Cheapest $/vRAM GPU right now? Is it a good time?

[-]

Dr_Superfluid@reddit

I think your best bet is M2 Ultra Mac Studios. You can find 192GB ones for around 3.5k.

By clustering just 2 of them you have almost 400GB which fits almost everything, and you don’t have to deal with a big cluster just two computers that are easy to connect via Thunderbolt bridge.

[-]

You are kinda forgetting a player in this, Intel has some cards that could do. I'm not really sure but here in Spain in pccomponentes.com there is an Sparkle ROC OC Edition Intel Arc A770 16 GB GDDR6 memory card for 350 euro give or take. if you can spend 1k more or less, and your motherboard allows it, use 2 graphics cards and get 32gb vram at gddr6 speeds. not the fastest but fine.

[-]

Russ_Dill@reddit

You can get dual Radeon RX 6800's (32GB total) for about $540 or $17/GB.

[-]

lostborion@reddit

I'm in your same situation and I decided to try get some used 3090, they can be found in my country around 3000zl, approx 700$. I needed 2 failed attempts, first one was a scammer and second one was a Zotac that was throttling as soon as I'd try to load nvidia-smi in Linux. Finally I was rewarded with a 3090FE mint condition, stable 90 degrees Hotspot. Now what I don't know is which model should I try first

[-]

truci@reddit

With that card I would first go have some fun with stable diffusion and image and video generation. The noob friendly place to start would be swarmUI. Download, install and have fun playing with all the image models.

[-]

lostborion@reddit

Thank you for the recommendation I didn't know about it, installing rn

[-]

eloquentemu@reddit

$/GB isn't really a good metric since it hides how fast that memory is, and that's and extremely important part of the spec (if it didn't need to be fast a CPU would be fine). Also, one large card is better than two smaller cards, unless you really want to tune execution and then you're probably using more power, etc.

Some thoughts:

The 3090 is still a champ for the large and fast memory: even most modern cards don't have faster memory. It's probably the only thing really worthwile under $1k.
The super series might replace it, but that still doesn't exist so IDK if it's worth waiting for.
The R9700 is not amazing, but does offer 32GB of RAM at roughly 5070 (not Ti) performance.
Dual 5060 ti 16GB is a popular pick and can be okay if you get parallel inference running smoothly, but keep in mind that's still not plug-and-play AFAIK. Without parallel, they're slow and splitting across GPUs can be inefficient for memory utilization.

[-]

NeverEnPassant@reddit

I actually think the 3090 is highly overrated considering it's ~$700 used. That means you take a lot of risk and the lifetime of the card and resell may be significantly diminished.
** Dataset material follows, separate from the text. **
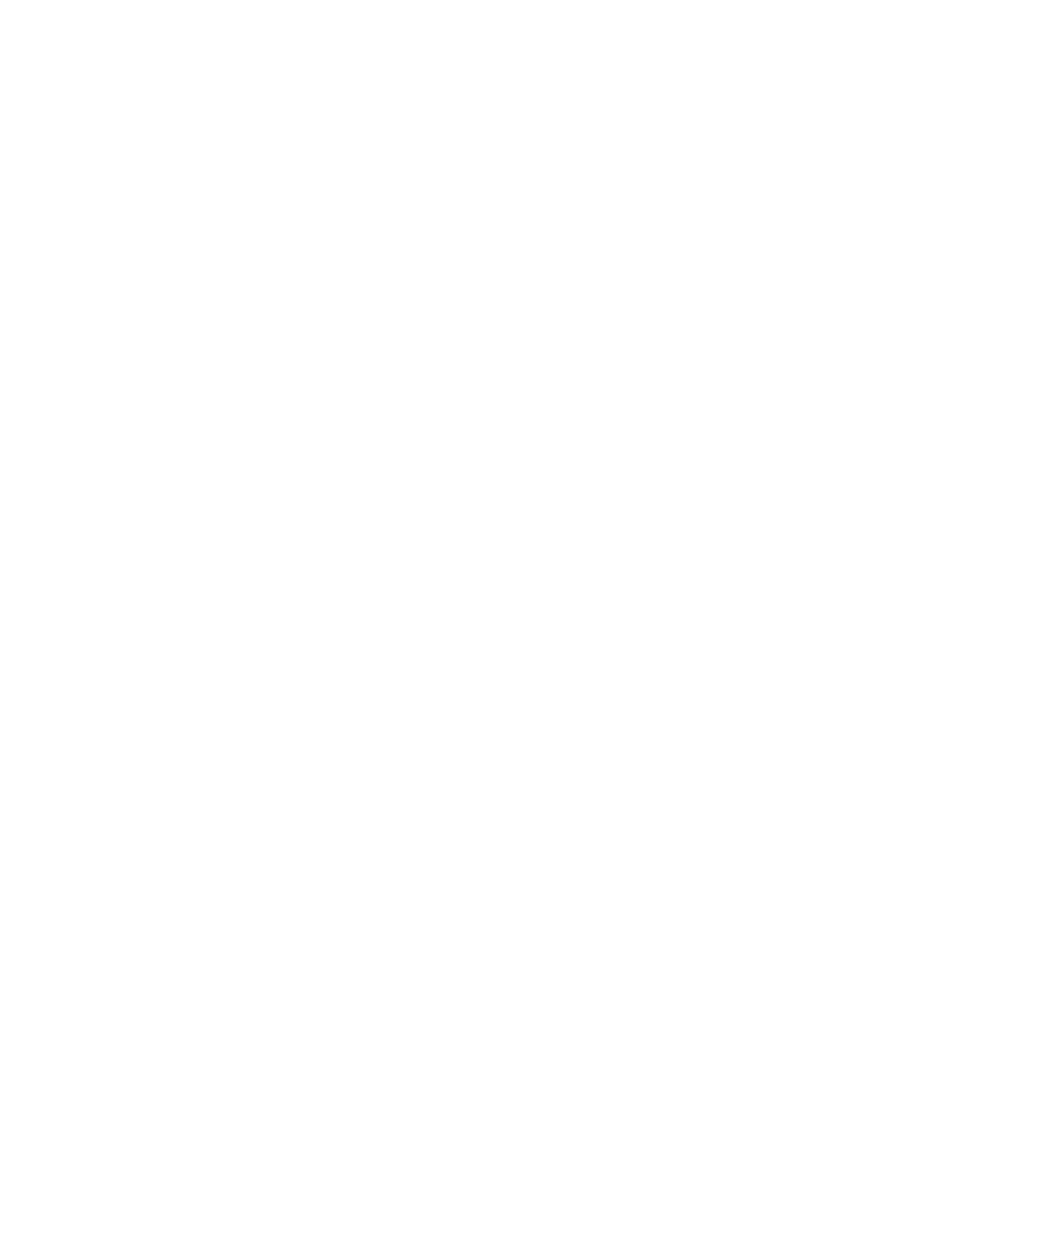 Zsidai Group logo

For $2000, a 5090 gets you 8GB more memory, 2x the memory bandwidth, pcie5, more efficient power usage, MUCH more computer, and native 4-bit support.

[-]

eloquentemu@reddit

While true, I imagine the 3090 has plenty more years in it. Enough, at least, that it'll probably end up being cheaper to get a 3090 now and another GPU in a couple years (used 5090?) when (if) it dies.

I'll also say that the 5090 (well, I tested the 6000 PRO) doesn't really live up to its bandwidth in a lot of cases and I find the 4090 is pretty competitive, especially when doing CPU+GPU MoE. Of course, the 4090 has 2x the compute of the 3090 and you can definitely feel that. But regardless, the 3090 is still very solid.

[-]

NeverEnPassant@reddit

While true, I imagine the 3090 has plenty more years in it. Enough, at least, that it'll probably end up being cheaper to get a 3090 now and another GPU in a couple years (used 5090?) when (if) it dies.

But then again, the 5090 resale will be even better. No strong opinion here.

I'll also say that the 5090 (well, I tested the 6000 PRO) doesn't really live up to its bandwidth in a lot of cases and I find the 4090 is pretty competitive, especially when doing CPU+GPU MoE.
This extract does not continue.